* **Data extract**:
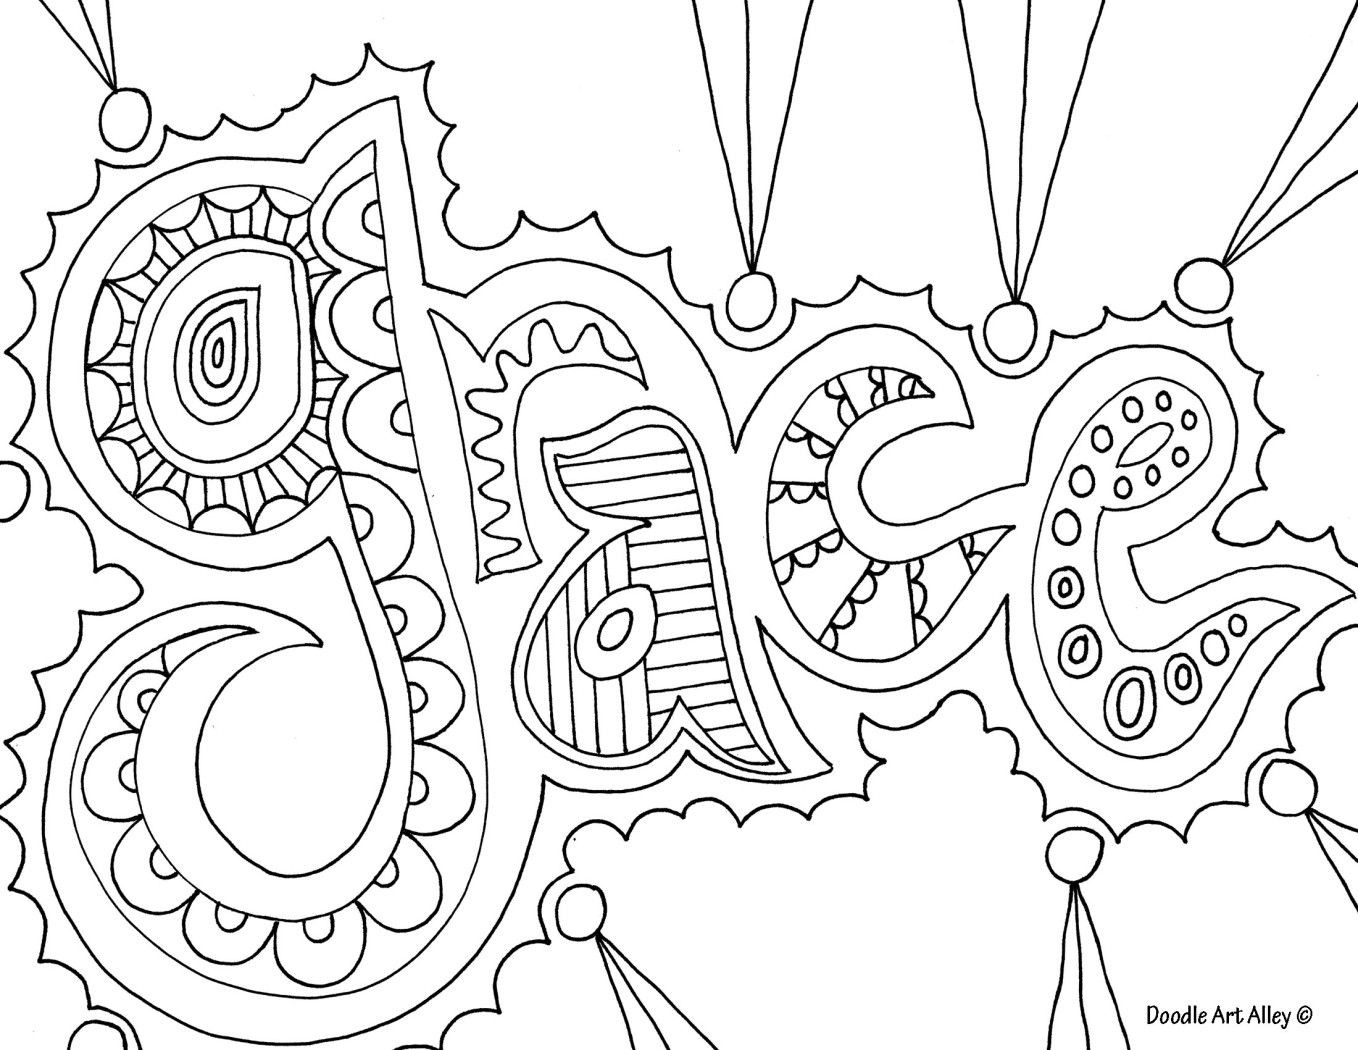 Word Coloring Pages For Kids
 Doodle art grace nice coloring page for older kids
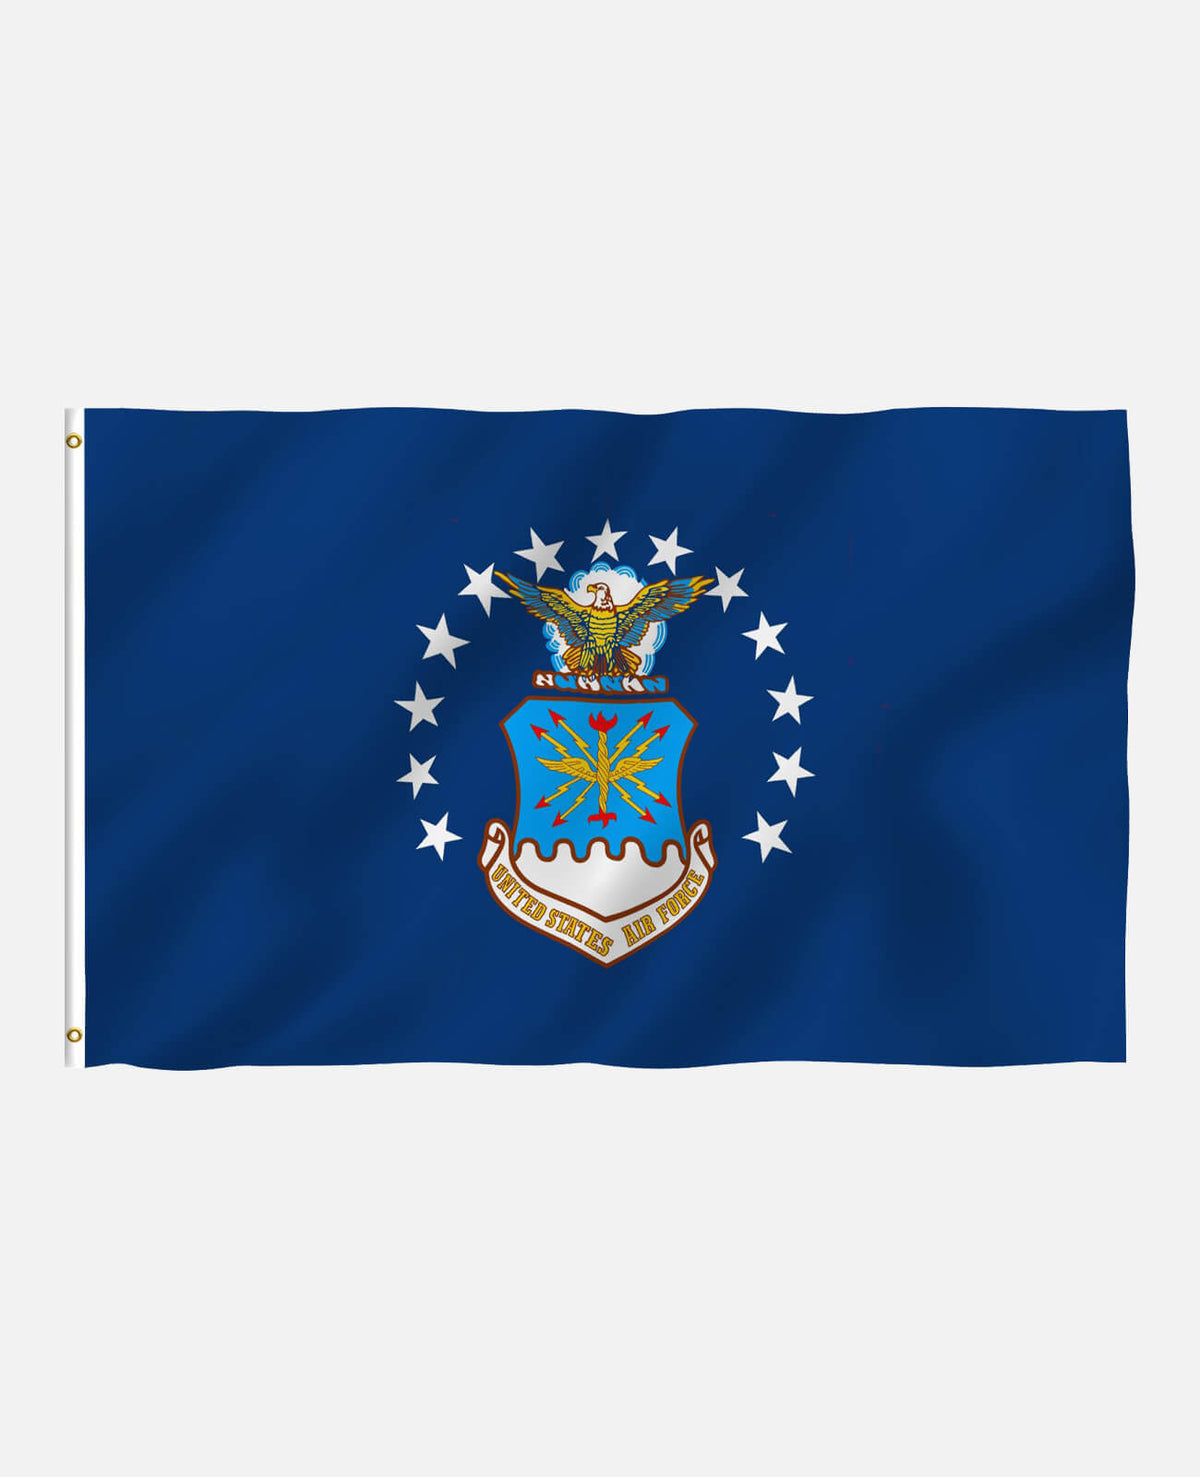 Flag of the United States Air Force,3’x5′ Polyester, High Durability, American Made
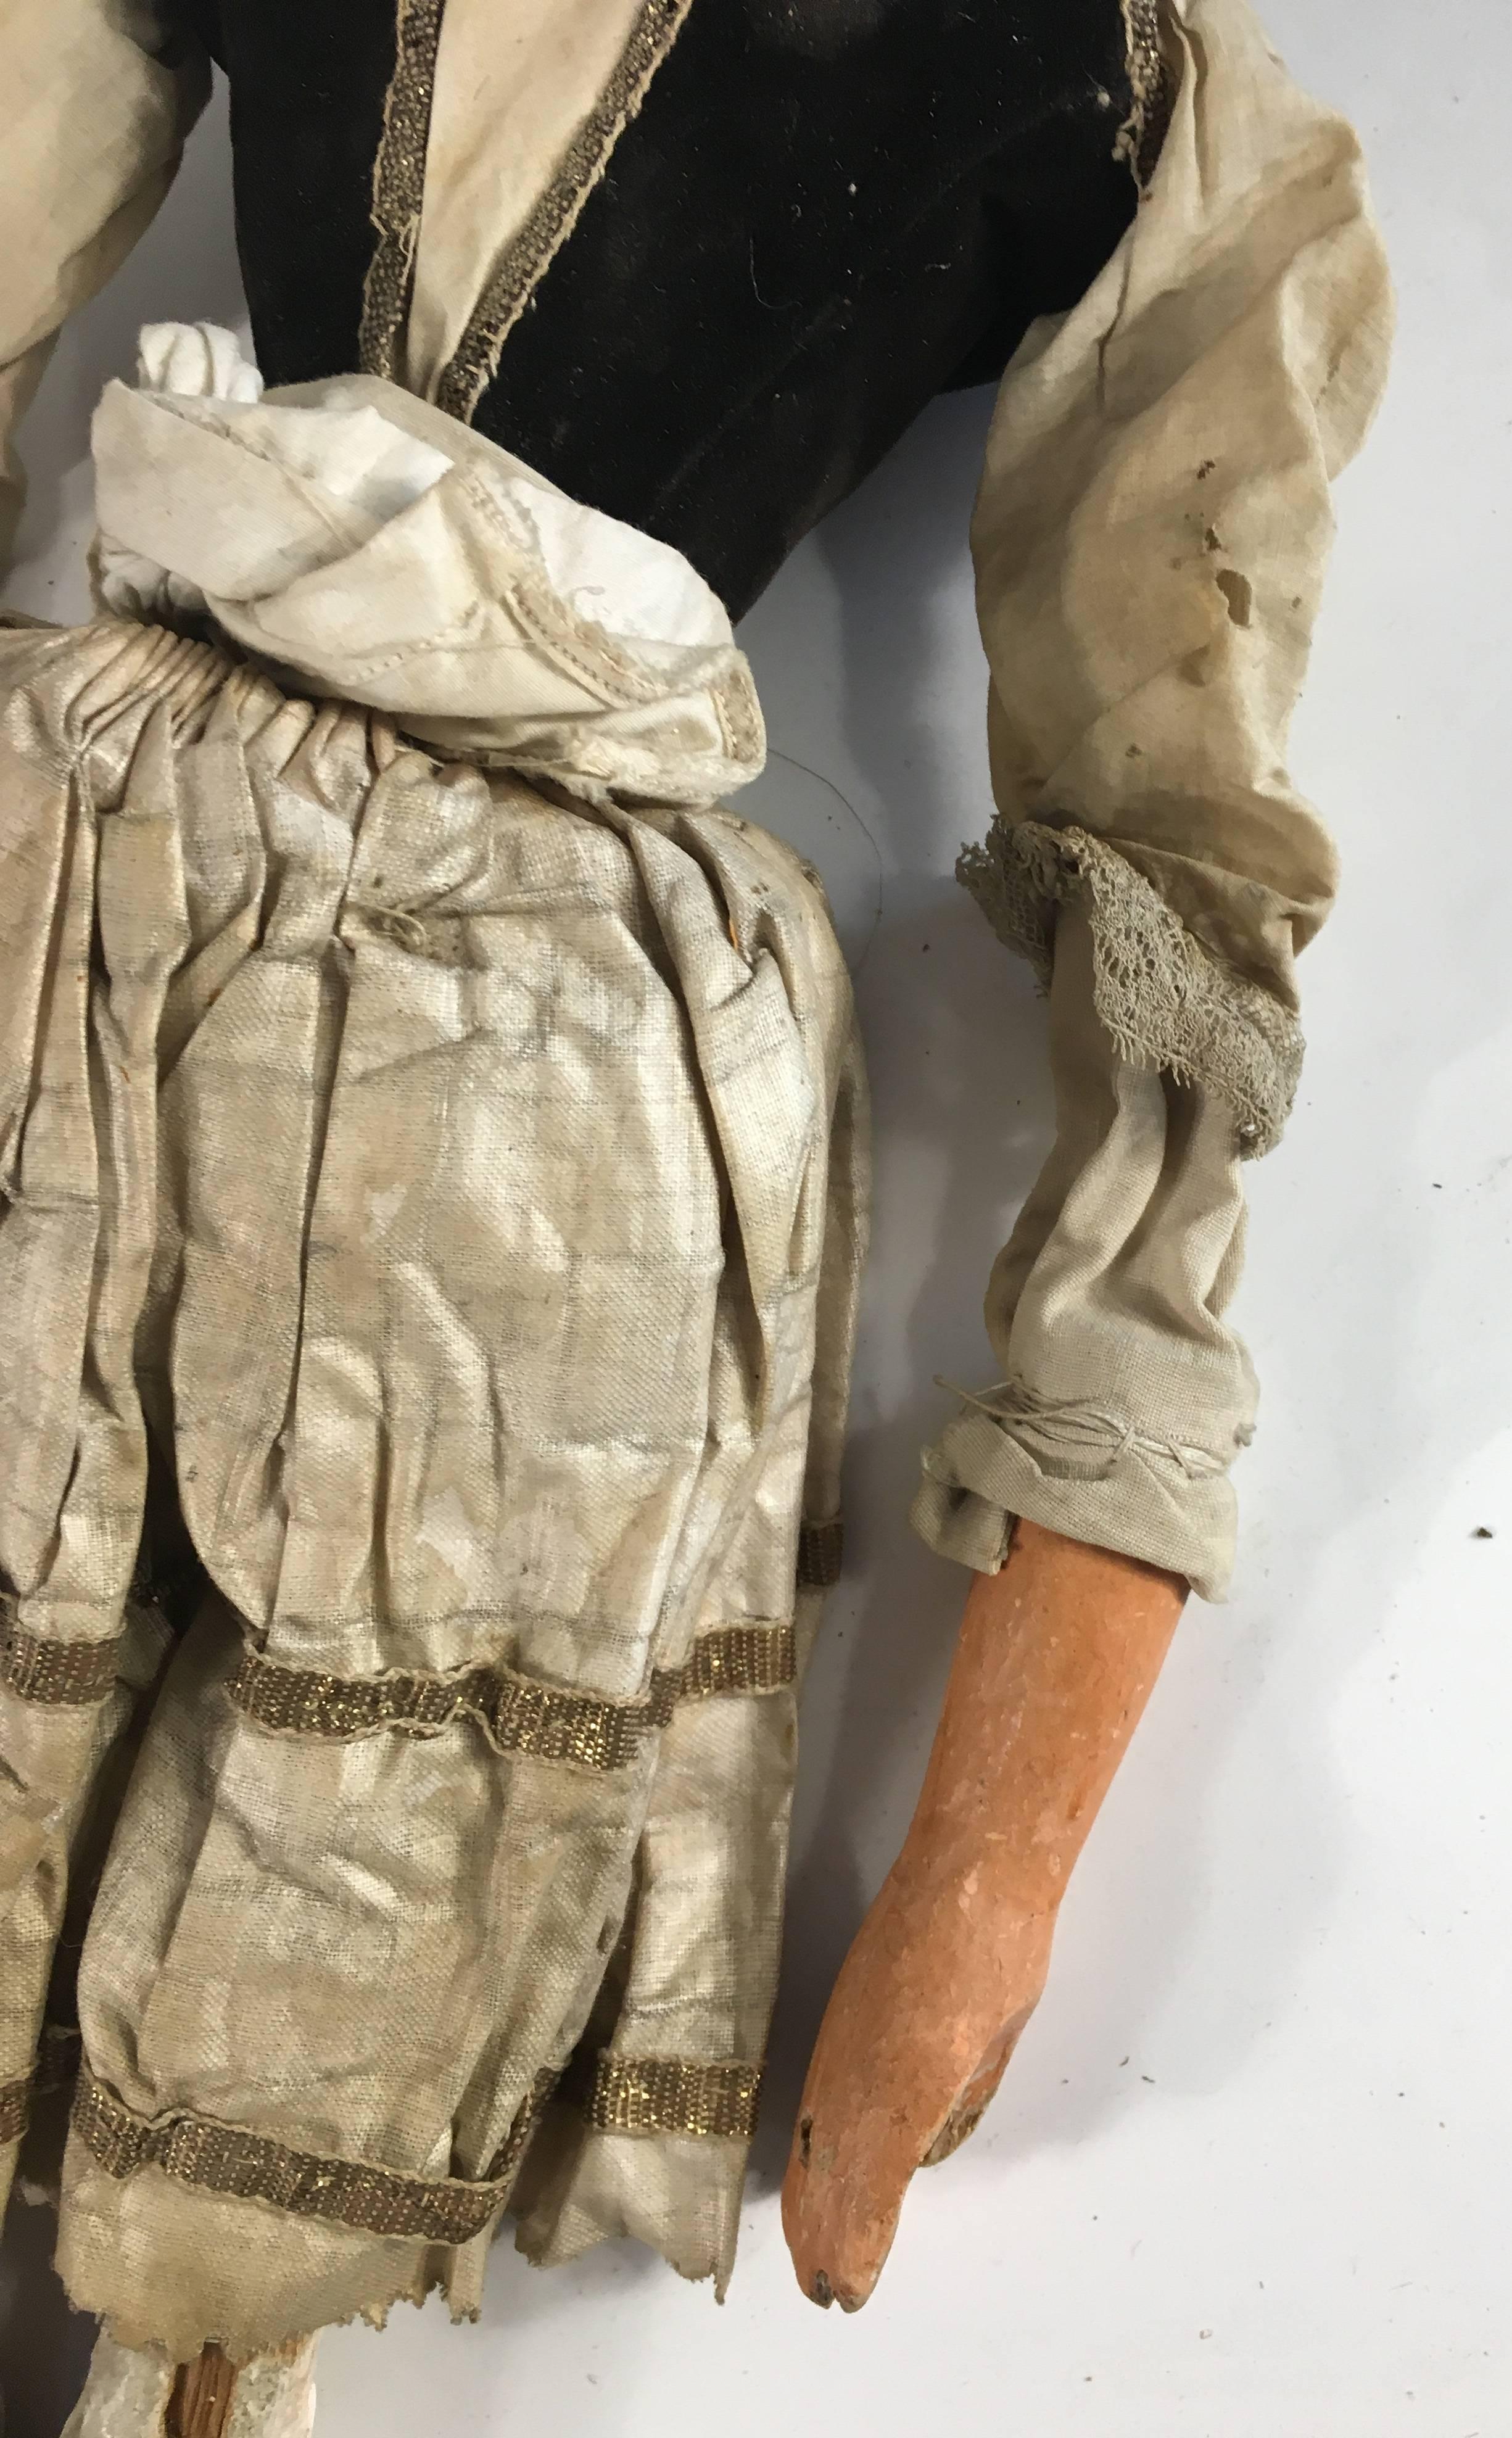 Carved 19th Century, Italian Puppet

* **Task prompt**:
Output each of the lines above exactly, apart from the images.

* **Exercise response**:
 Word Coloring Pages For Kids
 Doodle art grace nice coloring page for older kids
 Flag of the United States Air Force,3’x5′ Polyester, High Durability, American Made
 Carved 19th Century, Italian Puppet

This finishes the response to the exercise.